Donovan didn’t respond, but that was exactly what he’d been expecting.
“Sorry to disappoint you,” Wong said, “but nobody’s snatching any pebbles outta my hand and I sure as shit ain’t gonna call you grasshopper. But I will promise you one thing: I can get you where you want to go.”
He held out a hand to shake. “The name’s Jimmy, by the way.”
Donovan ignored the hand, taking in the clutter of the room: a desk piled with Asian girlie magazines, an ashtray overflowing with butts, a bookshelf full of hardbacks that hadn’t been dusted in months.
He didn’t try to hide his skepticism. “You’re saying you can help me?”
“If I can’t, nobody can,” Wong said, withdrawing the hand. “All I need from you is the answer to one simple question.”
“Which is?”
“Visa or MasterCard?”
H
E LED THEM
back down the hall to a set of double doors. “I inherited this place from my grandfather. My old man was a drunk, so the business skipped a generation.”
He pushed open one of the doors and gestured them inside. Donovan eyed him warily and Wong grinned right back. “Don’t let the youthful façade fool you. I’m an old soul.”

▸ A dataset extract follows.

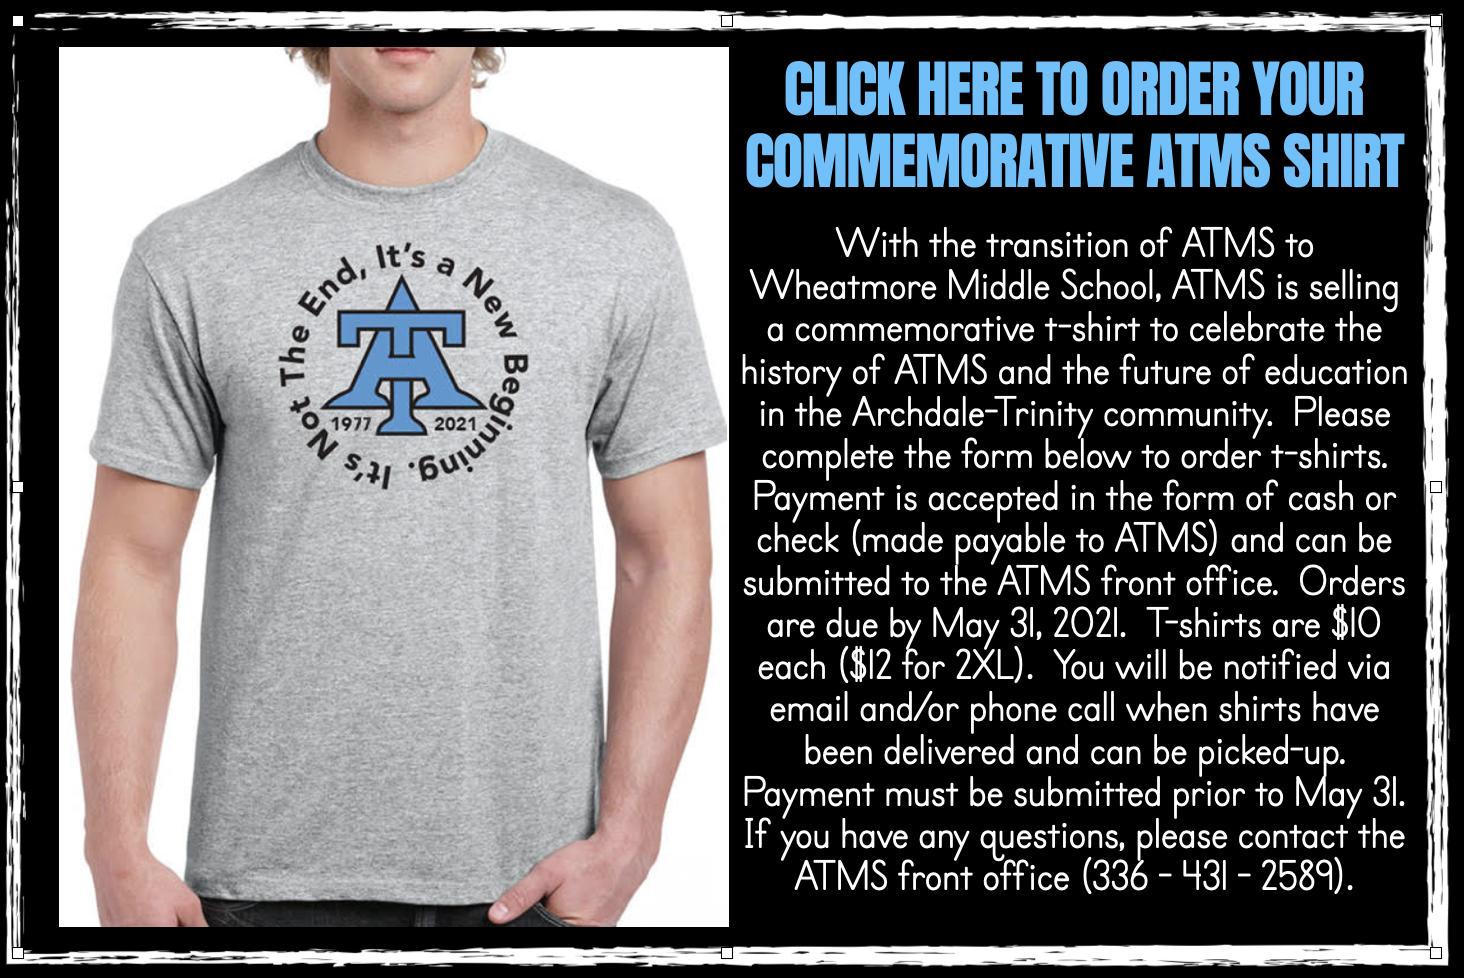 ATMS Shirt Order

They stepped into a windowless room with an exam table at the center. The only other furniture was a chair, a counter and sink, and a large storage closet tucked into a corner. There were more jars on the counter, containing an unappetizing array of brown and green liquids.
“Take off your shirt and shoes and hop aboard,” Wong said, patting the table.
Donovan hesitated, then did as he was told, feeling a bit self-conscious as he pulled off his shirt and climbed onto the table.
Wong cracked his knuckles and rubbed his hands together rapidly, as if trying to warm them. Moving around behind Donovan, he placed his palms on his bare back and slowly worked them across it.